Sounds like a good deal since you already have the software Rhinestones are definitely hot right now.


----------



## charles95405 (Feb 1, 2007)

I saw a demo of this at ISS in Long Beach. I was not overly impressed for the rhinestone function, but I suspect part of the problem was the person showing it was more familiar with the embroidery function and not rhinestones. The package includes Corel X5 and there is no discount if you already have Corel X5 and the cost at the show was $1995.00 Ouch! If you are not into embroidery, this is probably not the program for you


----------



## allhamps (Mar 15, 2007)

Ouch is right, Charles. I hope the upgrade for those folks who already have the embroidery piece is not as pricey.


----------



## jemmyell (Jan 26, 2010)

We bought Embroidery Studio E2 Level one for the embroidery digitizing functions. I did get a demo of the Rhinestone stuff at ISS Long Beach and it REALLY has a long way to go.

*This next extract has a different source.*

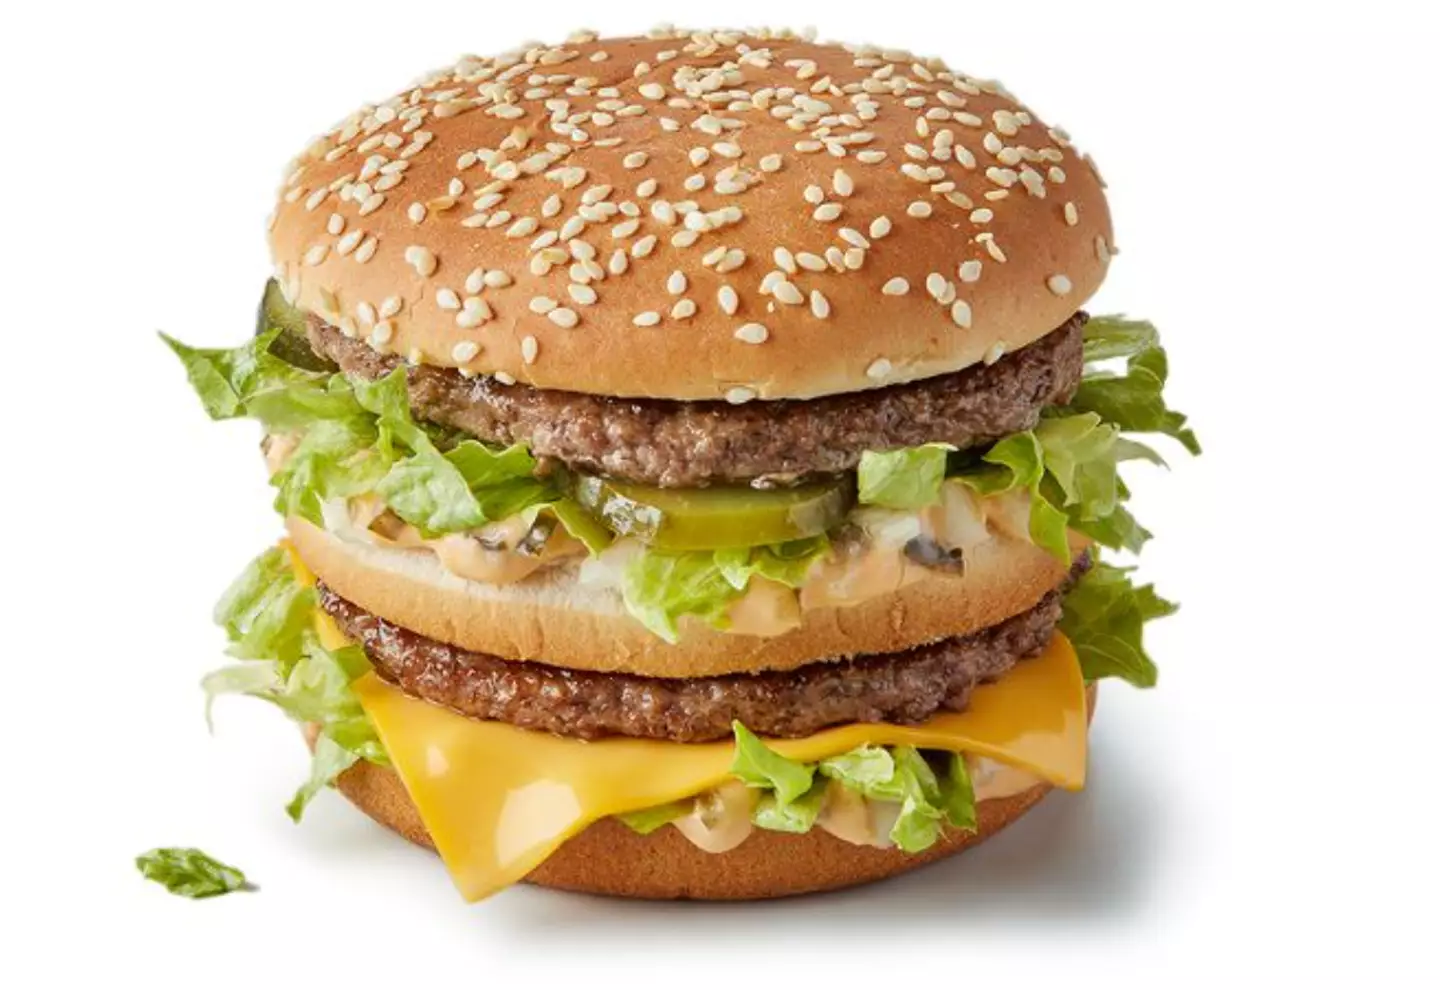 The hack allows you to get a Big Mac for less than half what you'd normally pay.

WinPCSign2010 is a MUCH more advanced rhinestone design tool.

E2 cannot do fonts / text well at all. The fills are just horrible. Outlines of the classic heart and star designs are ok, but a simple irregular polygon was VERY unimpressive. The software generates overlapping rhinestones frequently. BUT they are really proud that they CAN automatically remove the overlaps, leaving irregular holes in the designs...

Anyways, GREAT embroidery digitizing software.

The Rhinestone function is essentially useless. I was hoping they had integrated a version of their high end sequin designer and just called it rhinestones, but apparently not.

BTW, DecoStudio starts at $1999, Embroidery Studio starts at $4999 and goes to about $16000 (no extra zeros, not a typo).

-James Leonard


----------